A direct proof is one of the most straightforward approaches to validating a mathematical statement. In contrast to proof techniques that may use indirect reasoning, a direct proof lays out a logical sequence of statements that stem from known truths, such as definitions, axioms, or previously proven theorems, to arrive at the given assertion. To perform a direct proof, especially in the context of even and odd integers, you would typically assume that the initial premises about the numbers are true and then use this information to directly demonstrate the truth of the conclusion.

For example, to directly prove that the sum of two even integers is even, one would start by letting the two integers be represented as 2k and 2m (where k and m are integers, since an even number is defined as twice an integer). Adding these gives 2k + 2m, which can be factored to 2(k+m), clearly showing that the sum is an even number since it's twice the integer (k+m).

Mathematical Proof

A mathematical proof is a logical argument that establishes the validity of a mathematical statement beyond a shadow of a doubt. Using a series of rigorously deduced conclusions that follow from basic principles, a mathematical proof aims to demonstrate that a proposition is true in every possible case. There are several proof techniques used in mathematics, such as direct proof, indirect proof (which includes contrapositive and proof by contradiction), and proof by induction.

Proofs are essential in mathematics because they give us confidence in our mathematical reasoning and allow for the building of more complex knowledge on the foundation of solidly established facts. They must adhere to strict logical standards - every step must be justified either by a definition, a postulate, or a previously proven statement. Mathematics values proofs as the final seal of verification that removes any doubt about a proposition's validity.

Even and Odd Integers

Understanding even and odd integers is crucial when dealing with integer properties and in many proof techniques. An even integer is defined as any integer that can be expressed as twice another integer, written in the form 2n where 'n' is an integer. Odd integers, on the other hand, are numbers that are one more or one less than an even integer, and can be represented as 2n + 1 or 2n - 1.

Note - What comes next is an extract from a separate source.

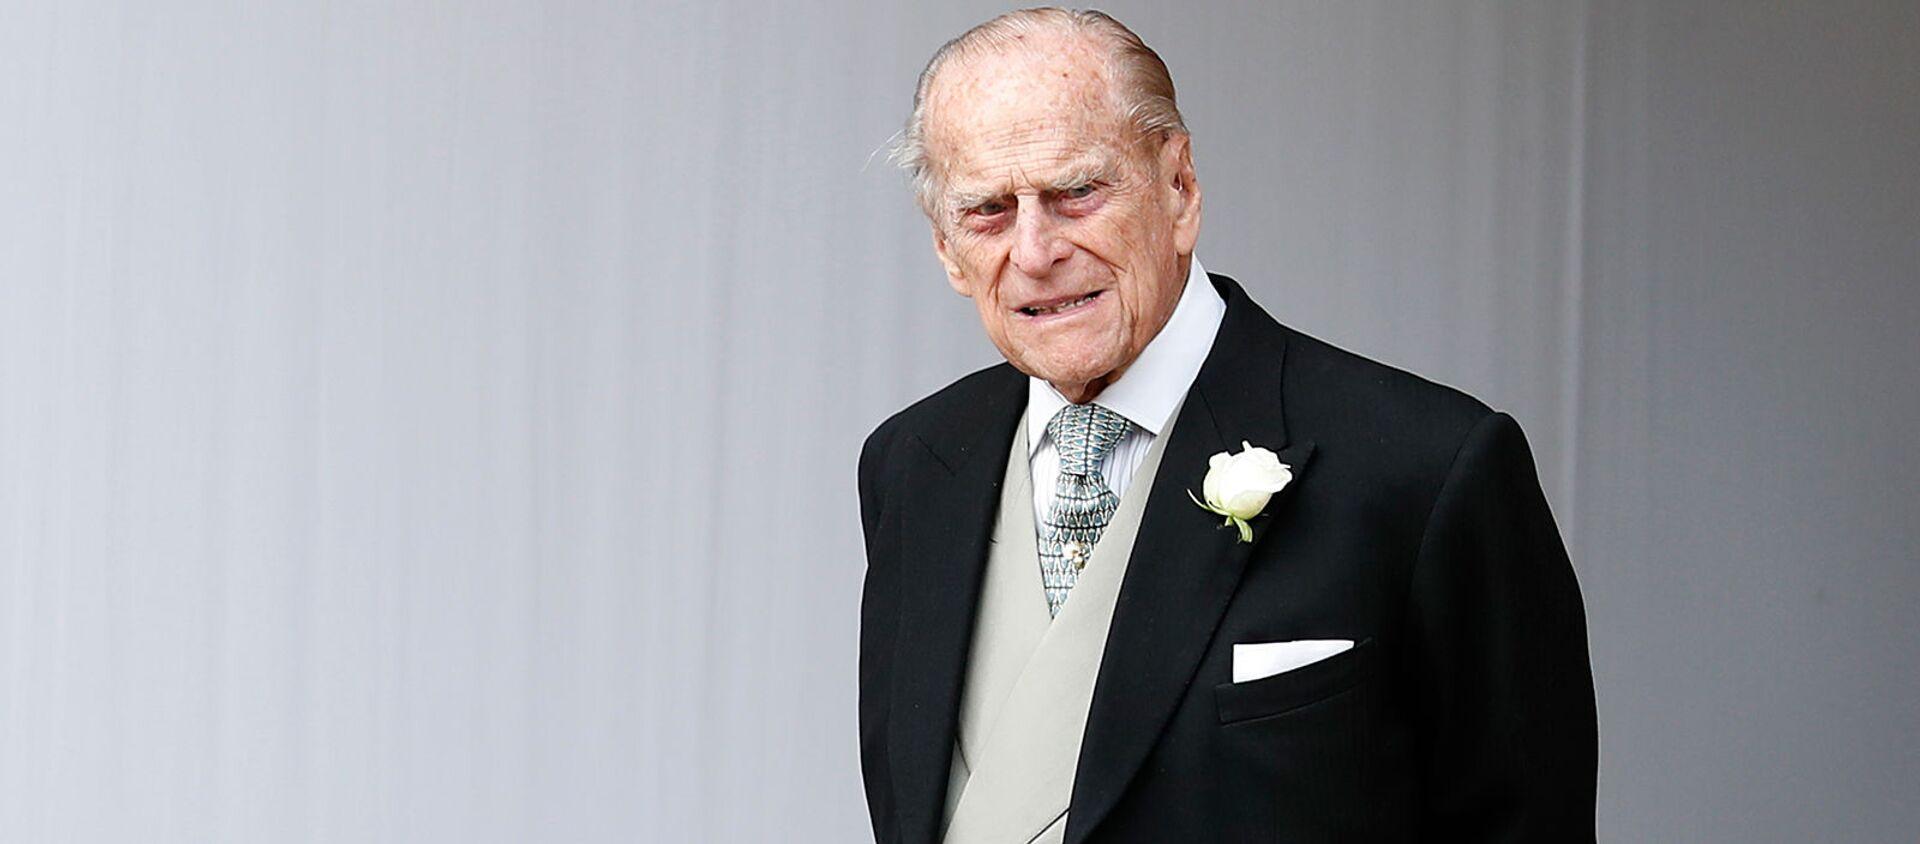 Принц Филипп ждет свадебную процессию принцессы Евгении Йоркской и Джека Бруксбанка в часовне Святого Георгия (12 октября 2018). Виндзорский замок - Sputnik Армения, 1920, 09.04.2021
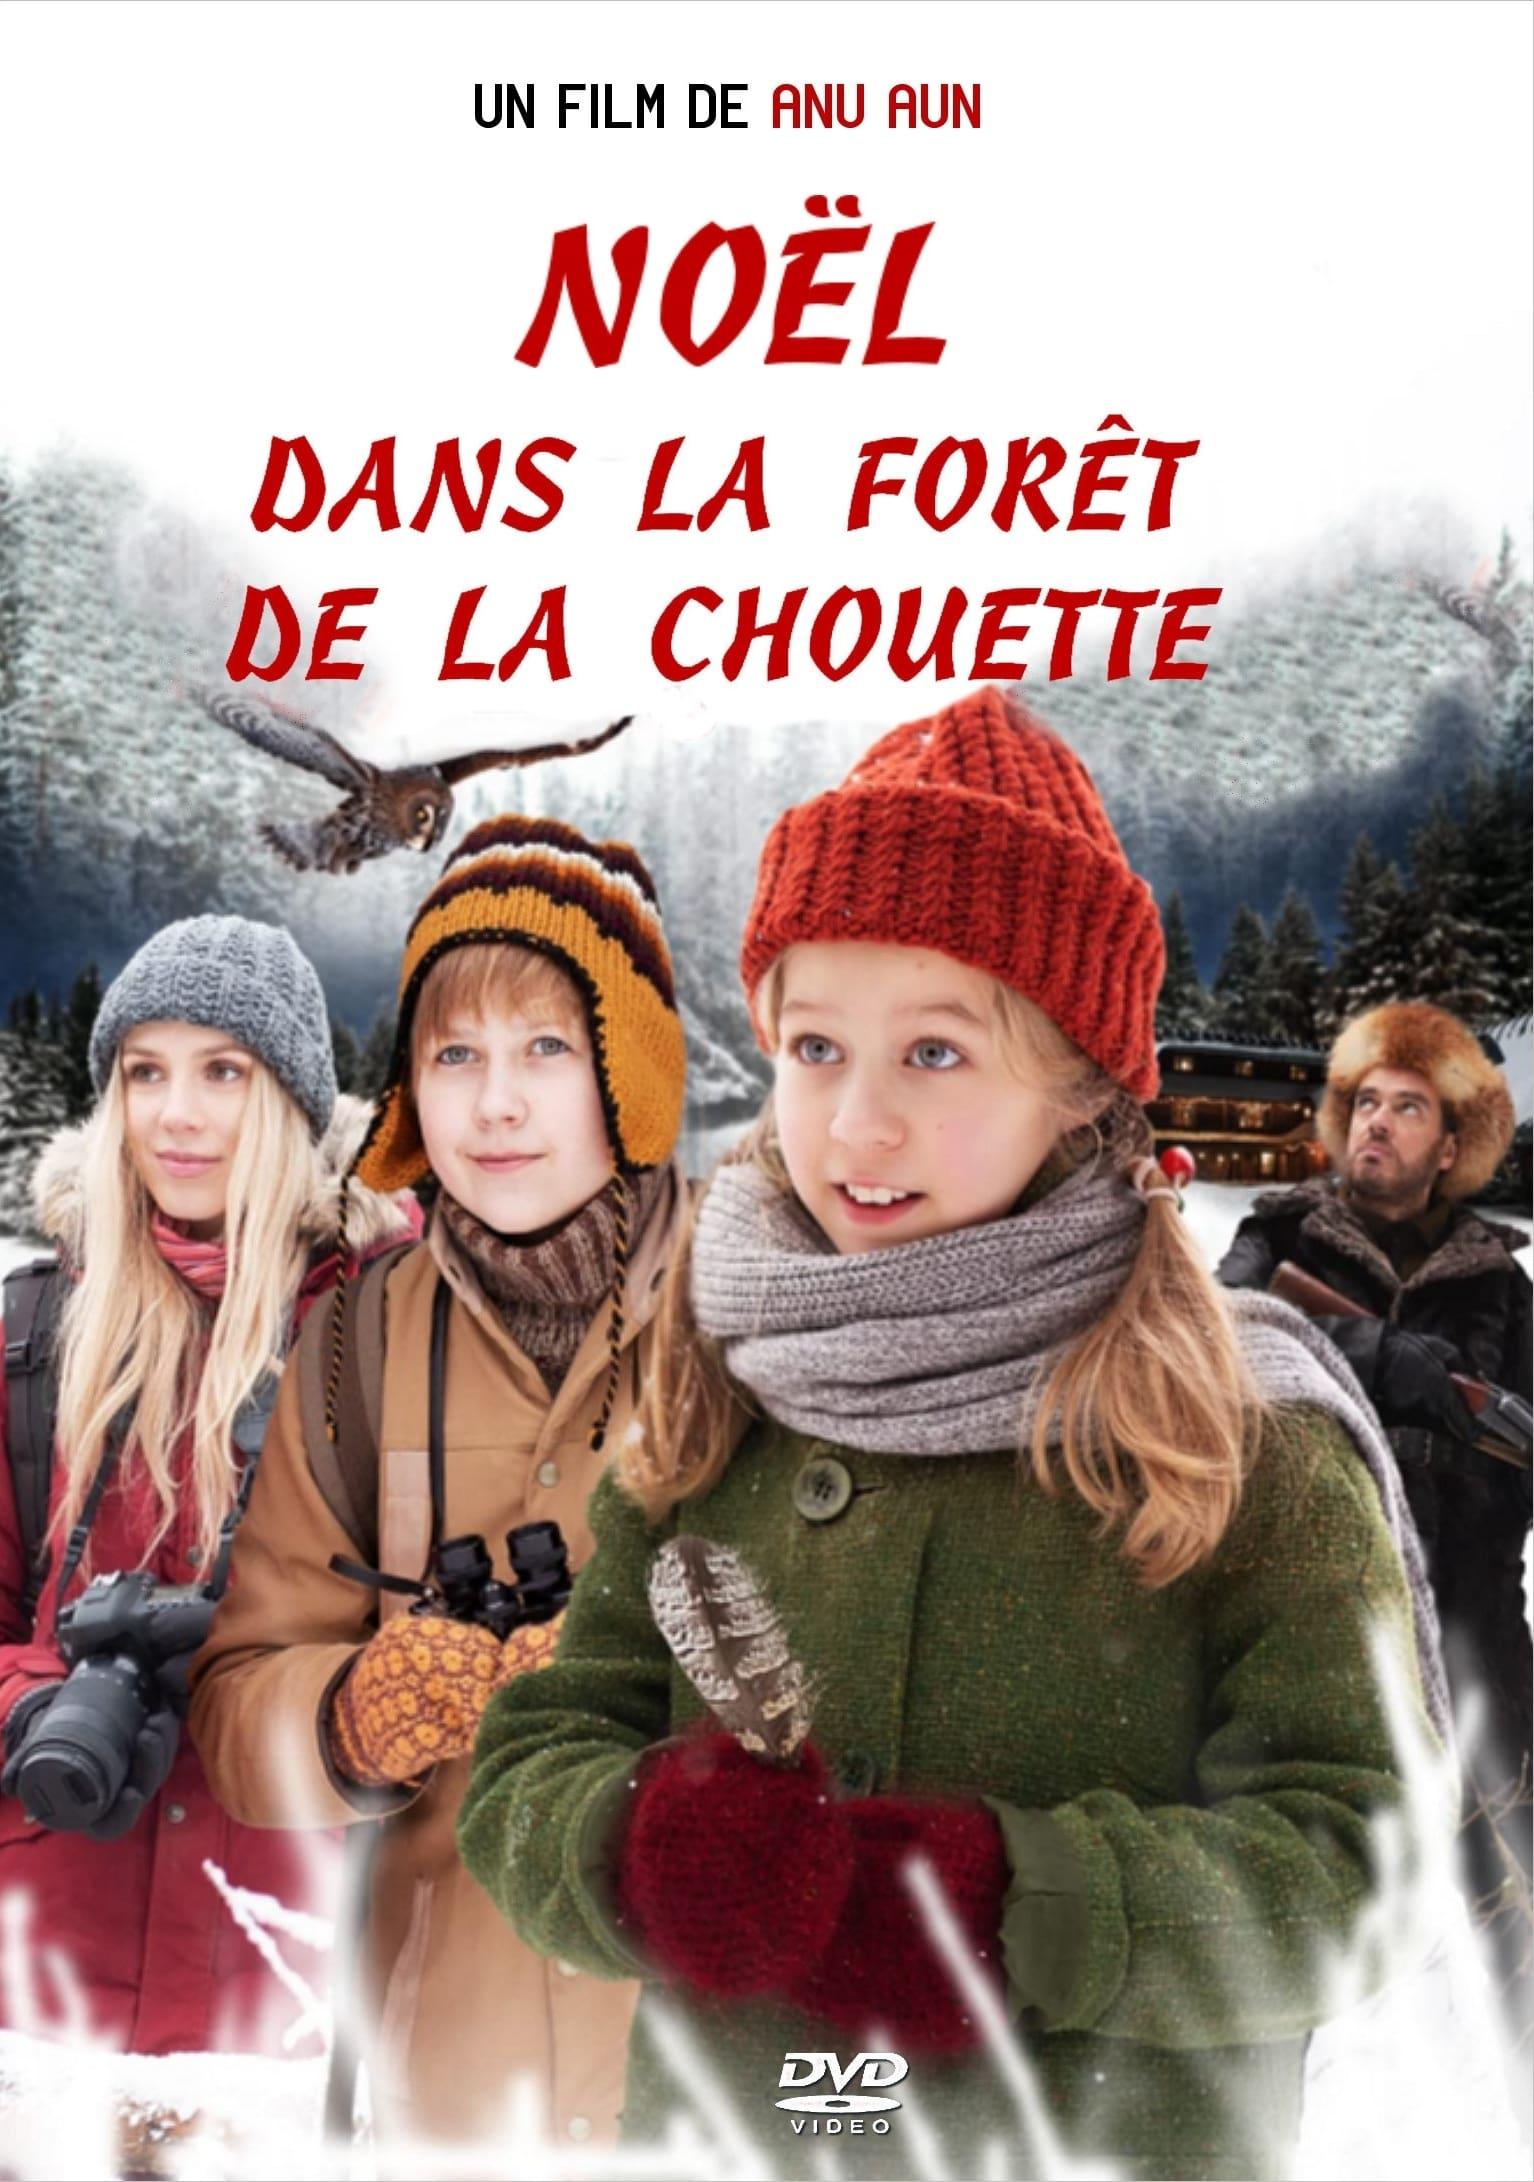 Nol-Dans-La-Fort-De-La-Chouette-Eia-Julud-Tondikakul-2020-23

This distinction is important in various mathematical contexts, including proving statements about integer properties. Even and odd integers have different behaviors under addition, subtraction, and multiplication, which can be observed in statements like 'the sum of two even integers is even', or 'the product of an odd and an even integer is even'. These properties are often the foundation upon which more complex proofs are built.

Proof Techniques

Proof techniques are the methods and strategies used to establish the truth of mathematical statements. Familiarizing oneself with various proof techniques is a huge part of becoming proficient in mathematical reasoning. Some commonly used techniques include:

• Direct Proof: As mentioned earlier, it involves a straightforward approach of showing that a conclusion follows logically from the premises.
• Contrapositive Proof: This techinque entails proving the contrapositive of the implication. For a statement 'If P, then Q', the contrapositive is 'If not Q, then not P', which is logically equivalent to the initial statement.
• Proof by Contradiction: This strategy assumes that the statement to be proved is false and shows that this assumption leads to a contradiction, thus the original statement must be true.
• Proof by Induction: Useful particularly for proving statements about integers, it shows that if a statement holds for an initial integer and if true for an integer 'k', it is true for 'k+1'. This bootstrapping principle confirms the statement for all integers above the initial one.

Understanding how to effectively employ different proof techniques can make tackling complex mathematical problems more manageable. For instance, in the exercise provided, a contrapositive proof proved more intuitive than a direct proof because of the ease of working with the negated form of the statement.